I need to merge two dataframes replacing some rows based on string indexes and adding the new rows (new indexes). I'm curious about some kind of standard or efficient way to do it.
# Example: "A" and "B" are columns and "idx" is the index
# Input
# df1
idx A B
a 1 1
b 2 2
c 3 3
# df2
idx A B
a -1 -1
b -2 -2
d -10 -10
f -20 -20
# process
merged_df = replace_and_add(old_df=df_1, new_df=df_2)
# Output
# new_df
idx A B
a -1 -1
b -2 -2
c 3 3
d -10 -10
f -20 -20
CodePudding user response:
You're looking for a concatenation of dataframes, without replication (union distinct). In pandas, you could:
df = pd.concat( [old_df, new_df] ).drop_duplicates()
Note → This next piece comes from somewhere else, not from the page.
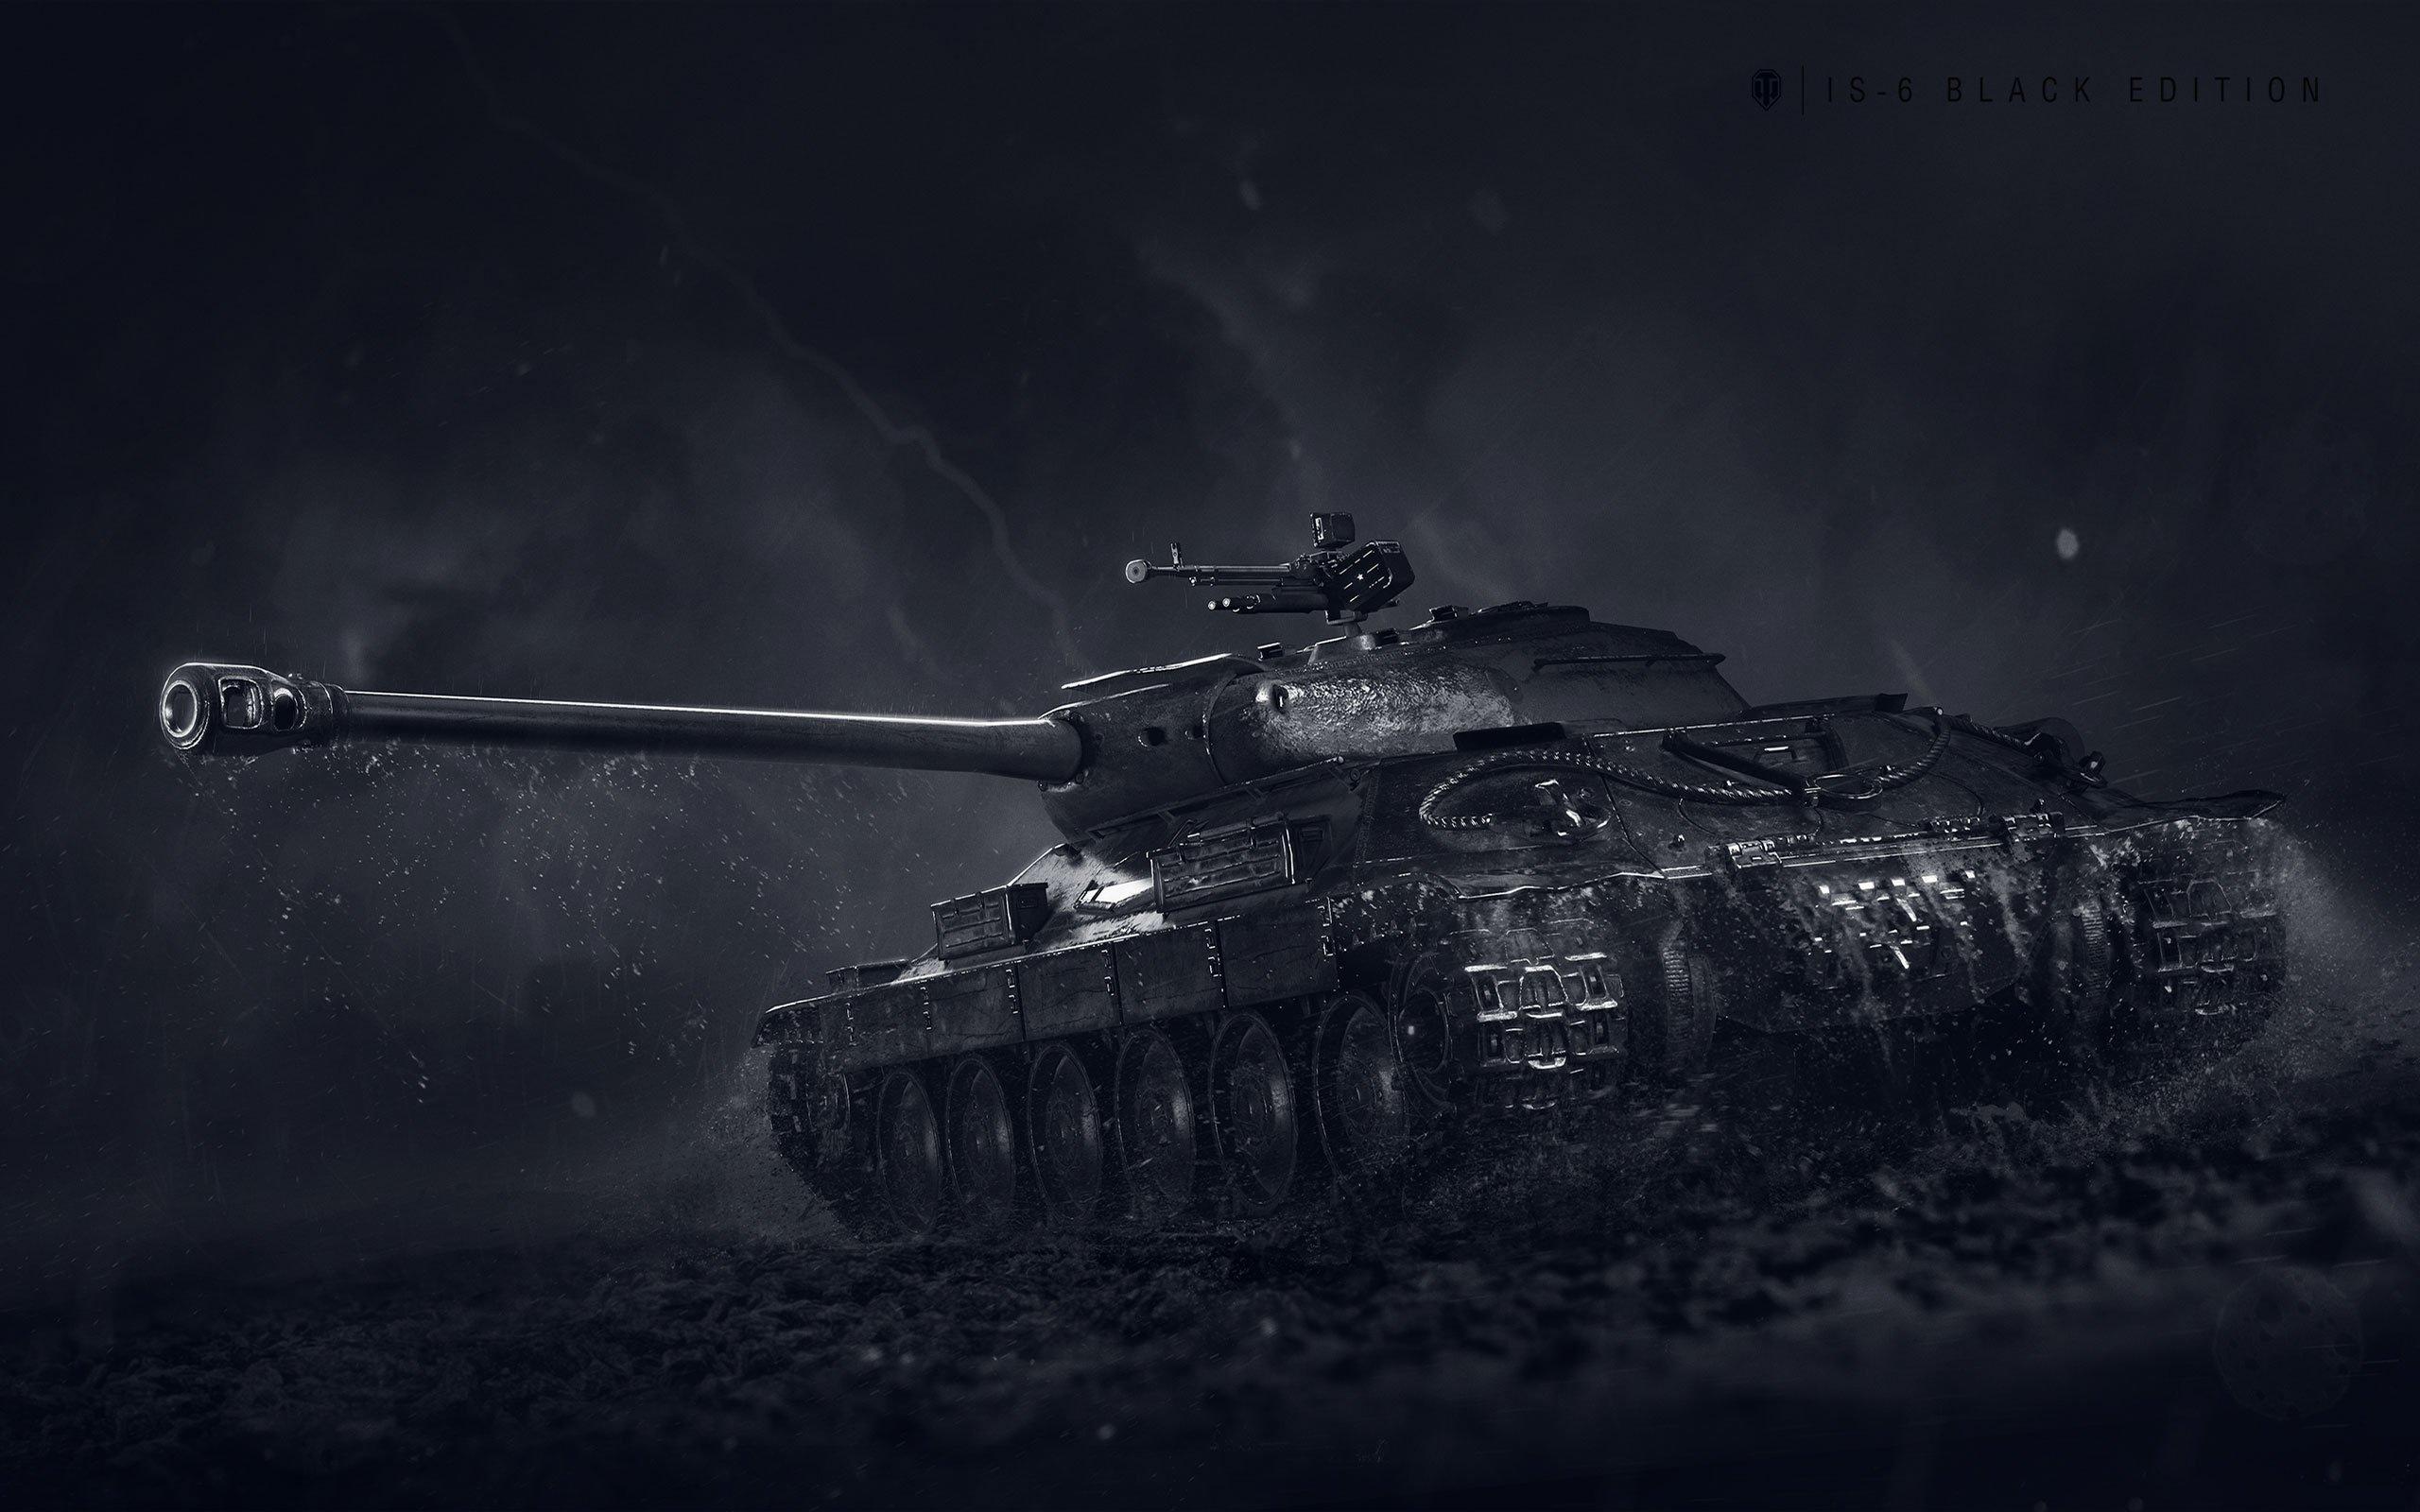 Картинка: Танк, пушка, грязь, дождь, гусеничный, IS-6, ИС-6, Black Edition, игра, World of Tanks

CodePudding user response:
You can reindex
your first dataframe with the second one then update
values. It's an efficient way to avoid to create a temporary dataframe:
df1 = df1.reindex(df1.index.union(df2.index))
df1.update(df2)
print(df1)
# Output:
A B
idx
a -1.0 -1.0
b -2.0 -2.0
c 3.0 3.0
d -10.0 -10.0
f -20.0 -20.0
The downside is the dtype which is now float64 instead of int64.